* **Dataset section**
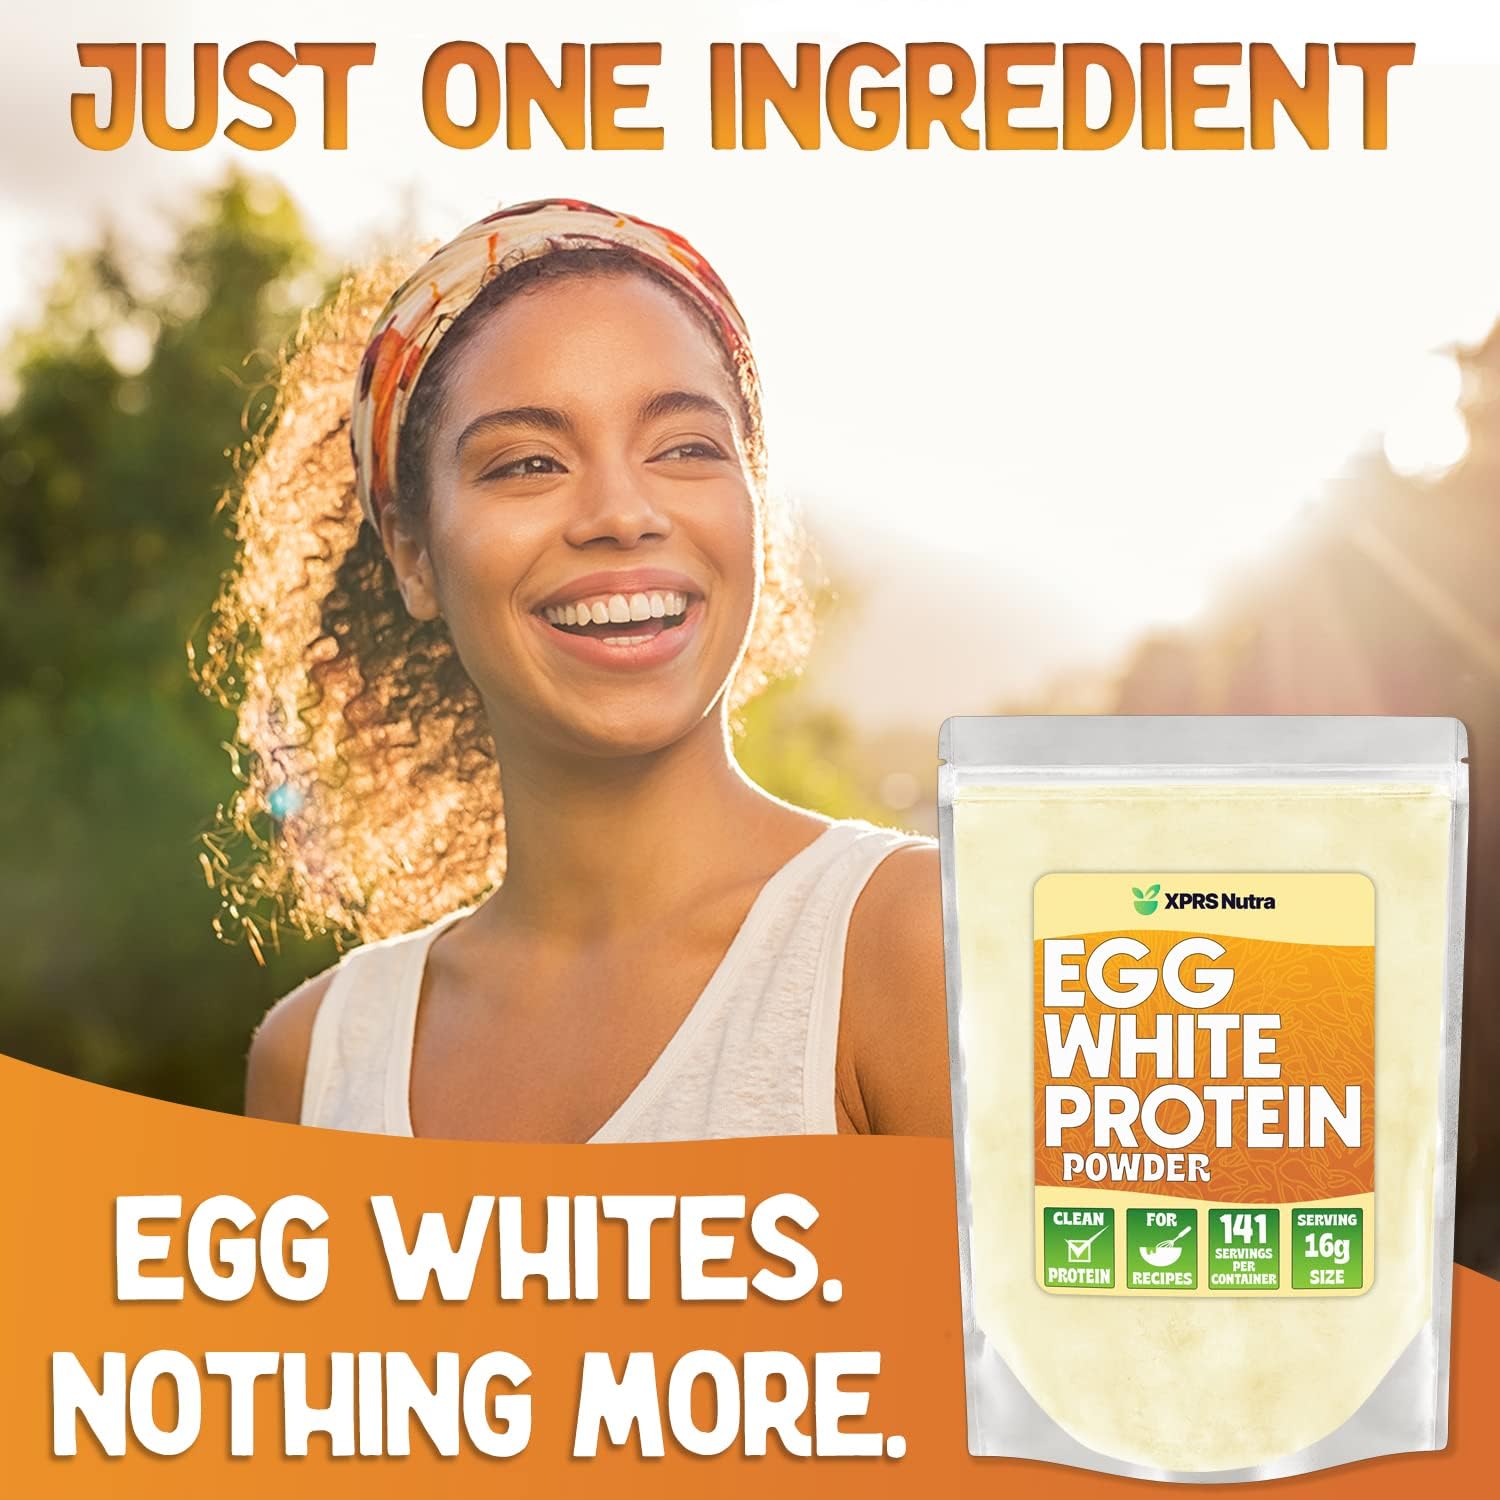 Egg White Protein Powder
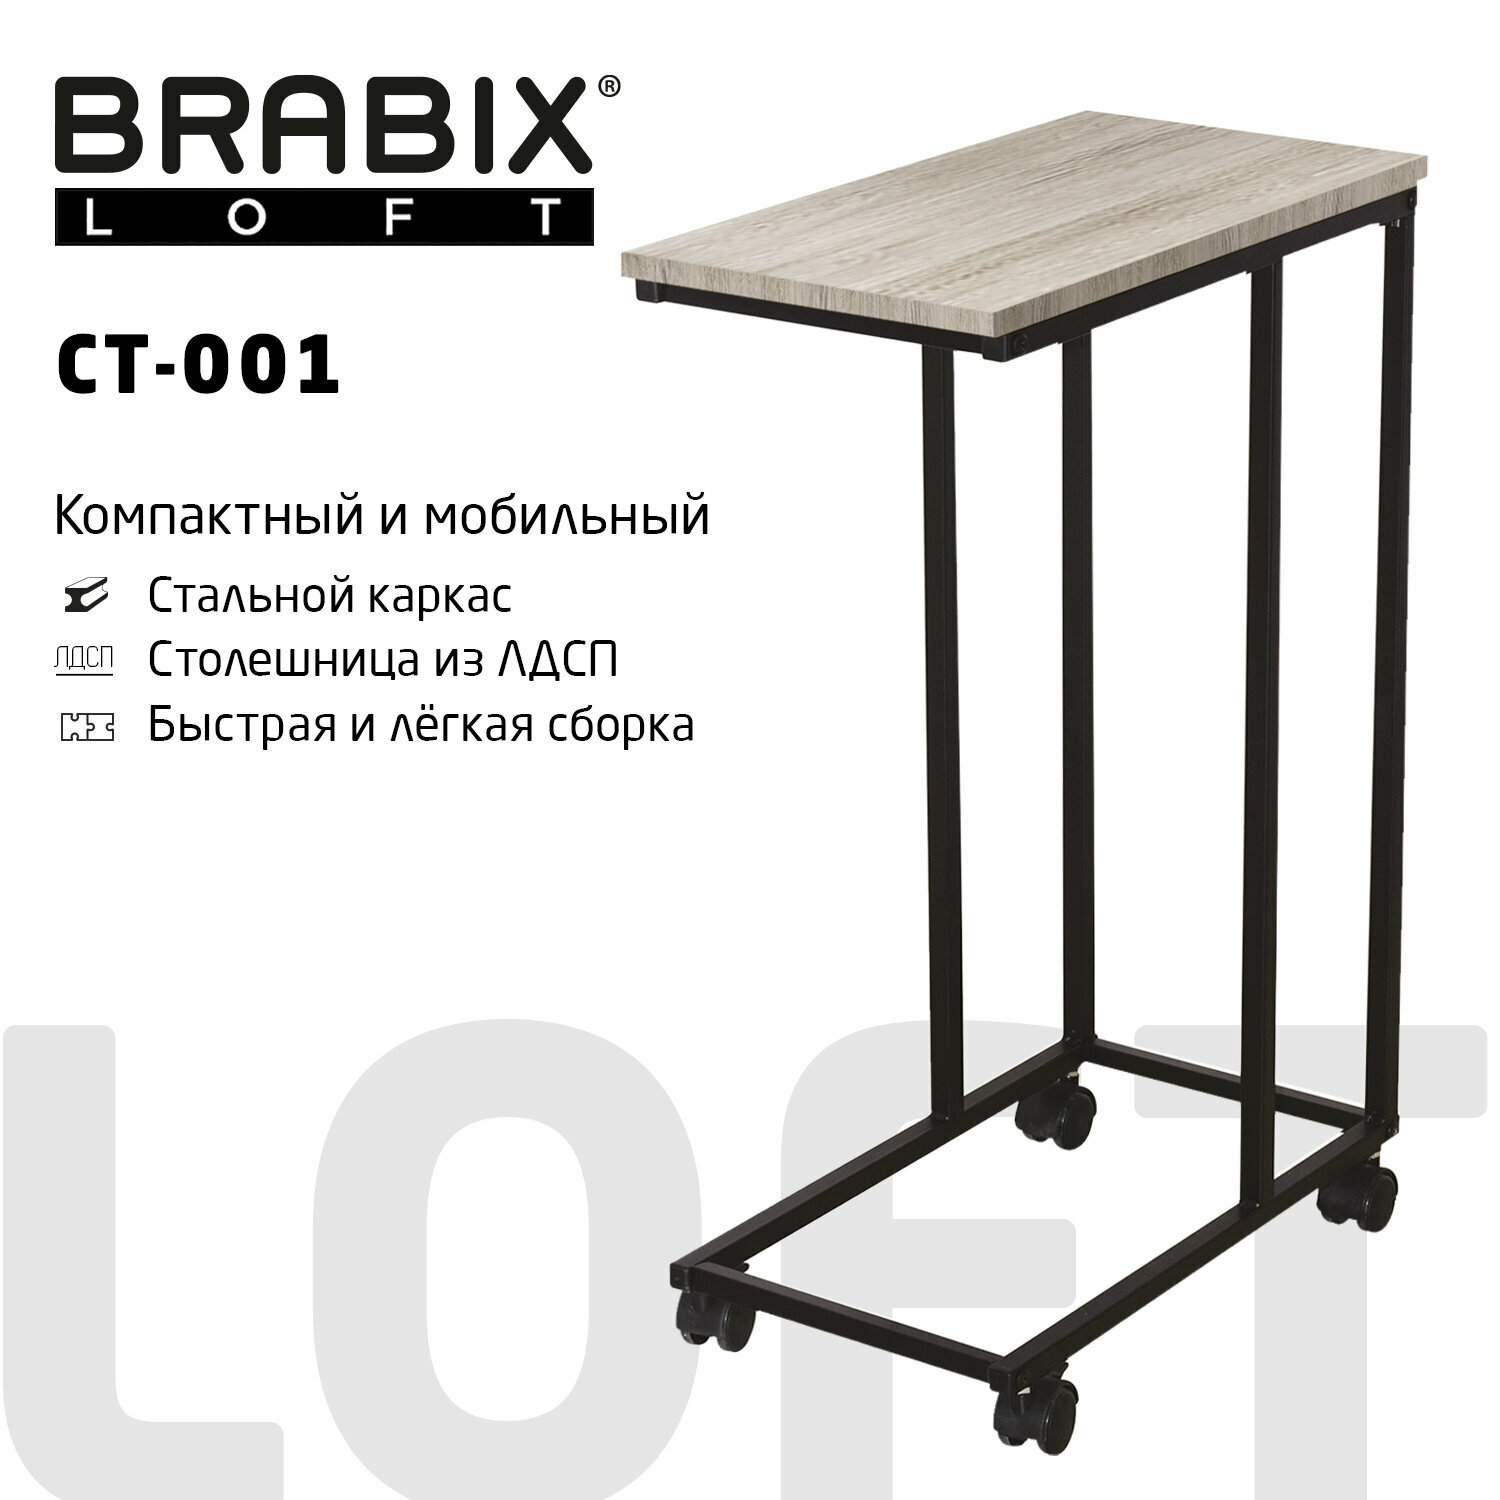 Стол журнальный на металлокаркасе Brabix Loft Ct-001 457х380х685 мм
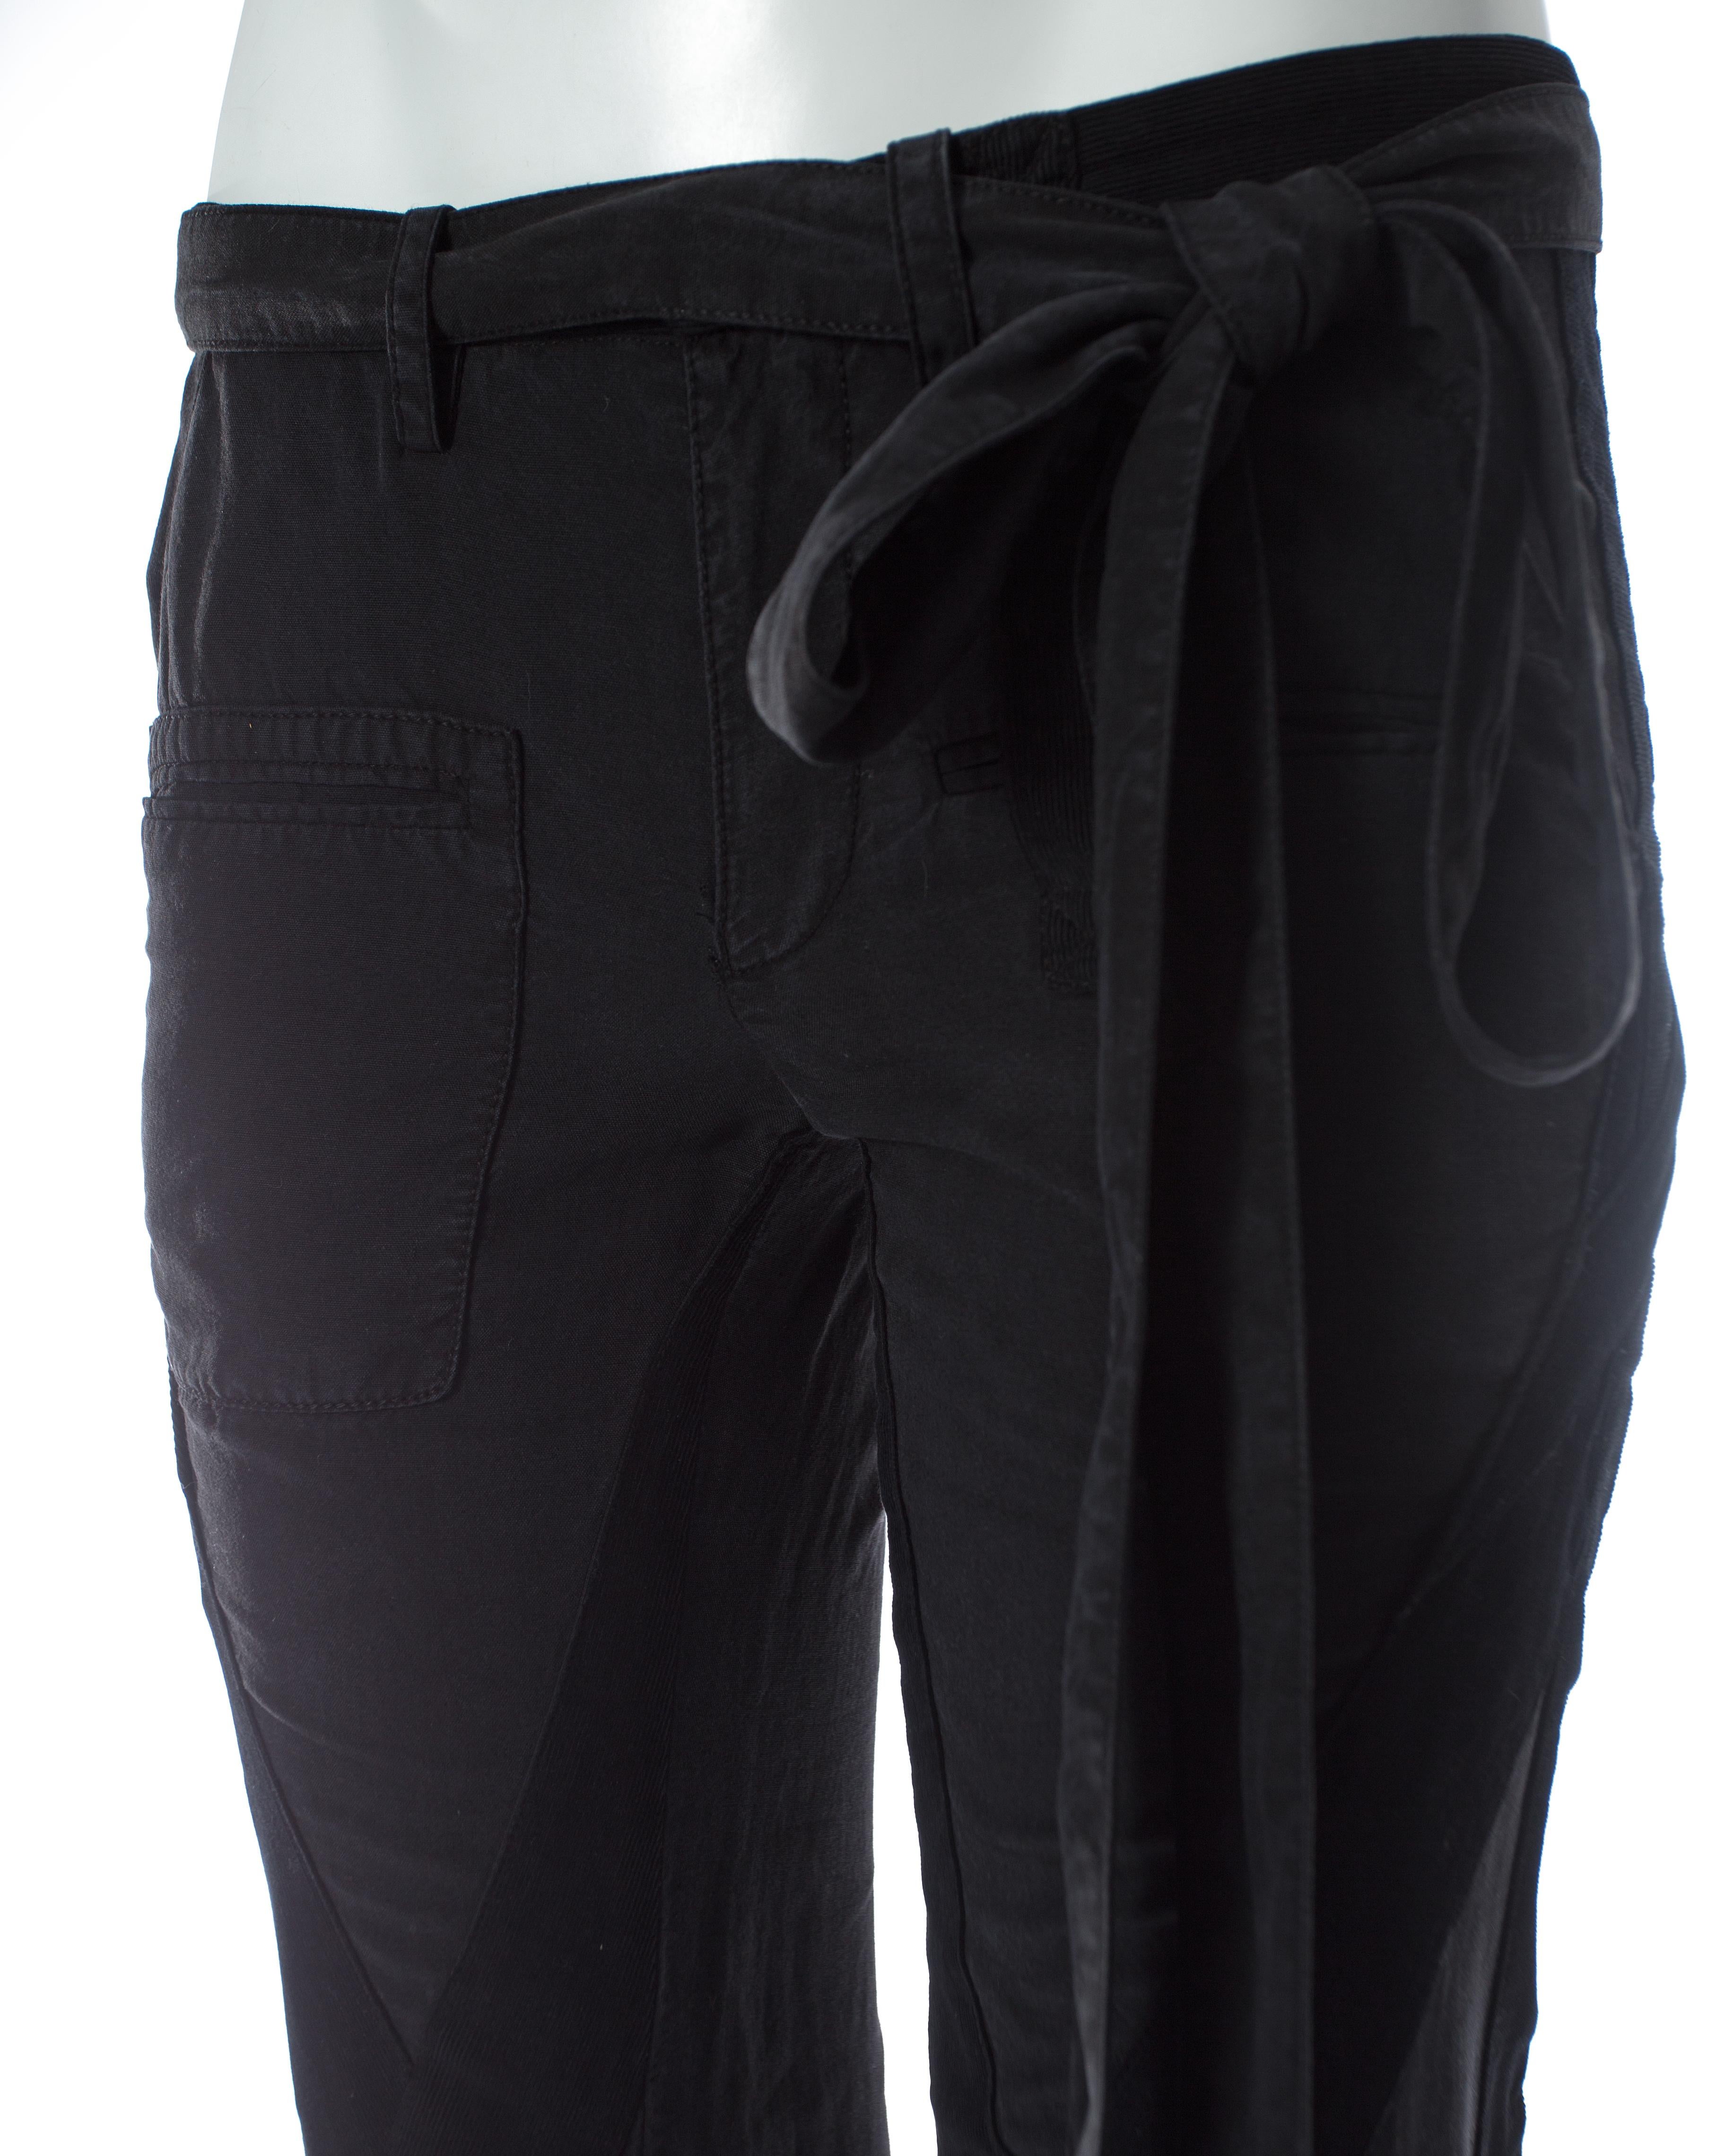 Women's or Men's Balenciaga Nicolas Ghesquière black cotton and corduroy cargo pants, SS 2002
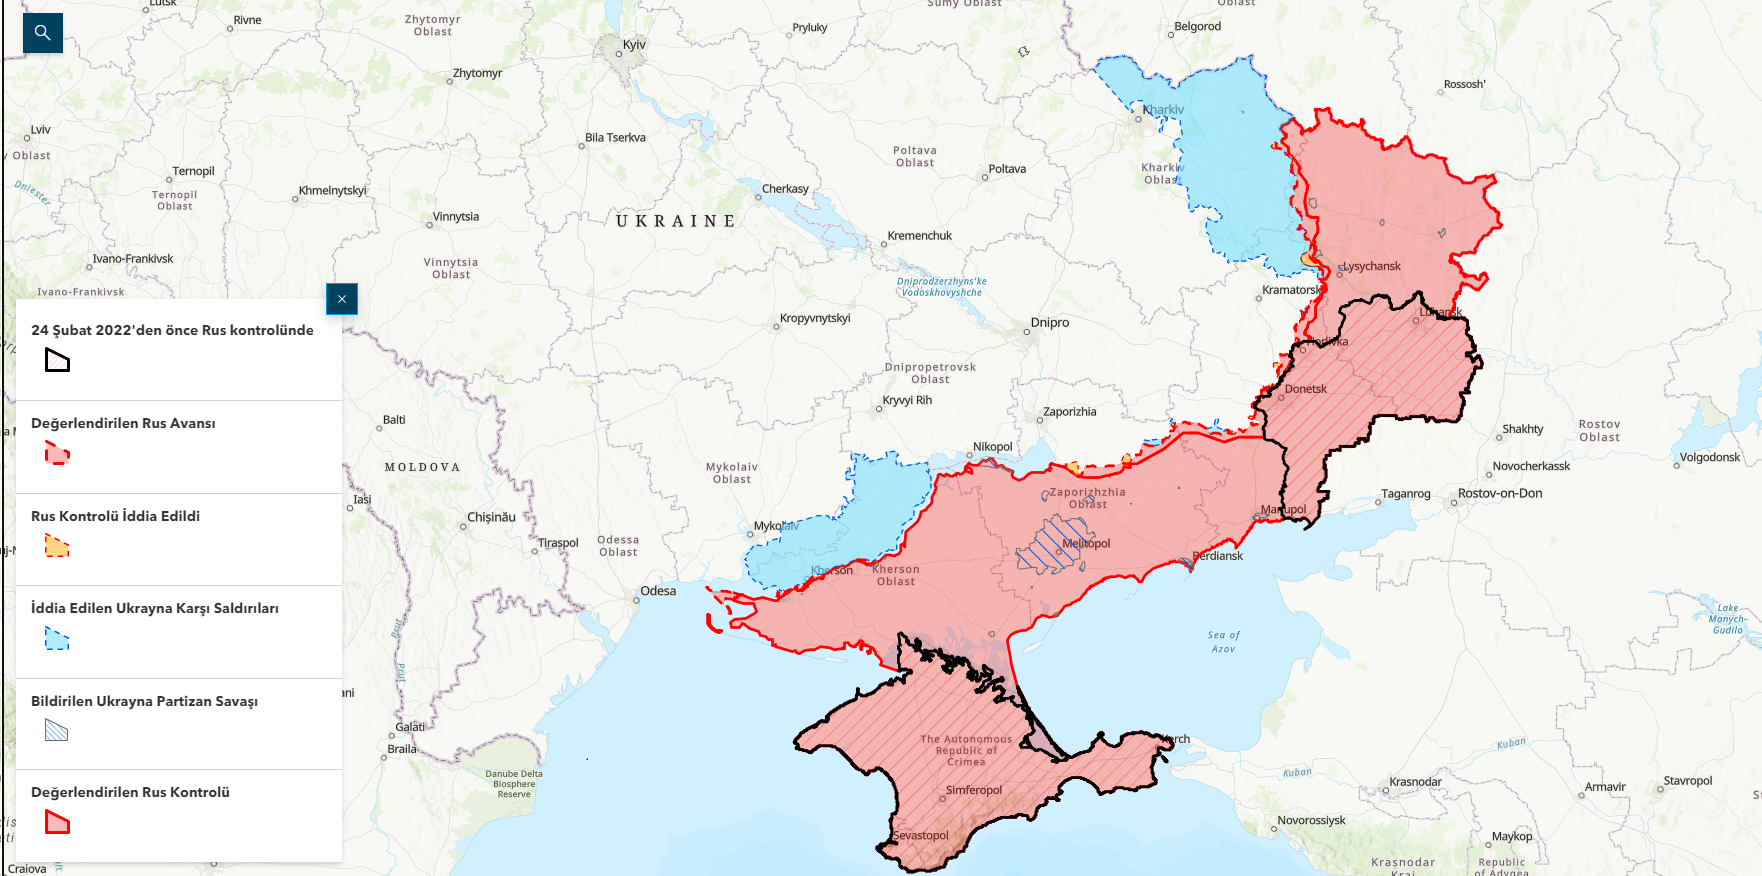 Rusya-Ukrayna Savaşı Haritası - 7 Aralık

* **Problem statement**
From the line containing "Стол журнальный на" to the last line of the listing above, transcribe each line exactly, skipping the pictures.

* **Output for this exercise**
 Стол журнальный на металлокаркасе Brabix Loft Ct-001 457х380х685 мм
 Women's or Men's Balenciaga Nicolas Ghesquière black cotton and corduroy cargo pants, SS 2002
 Rusya-Ukrayna Savaşı Haritası - 7 Aralık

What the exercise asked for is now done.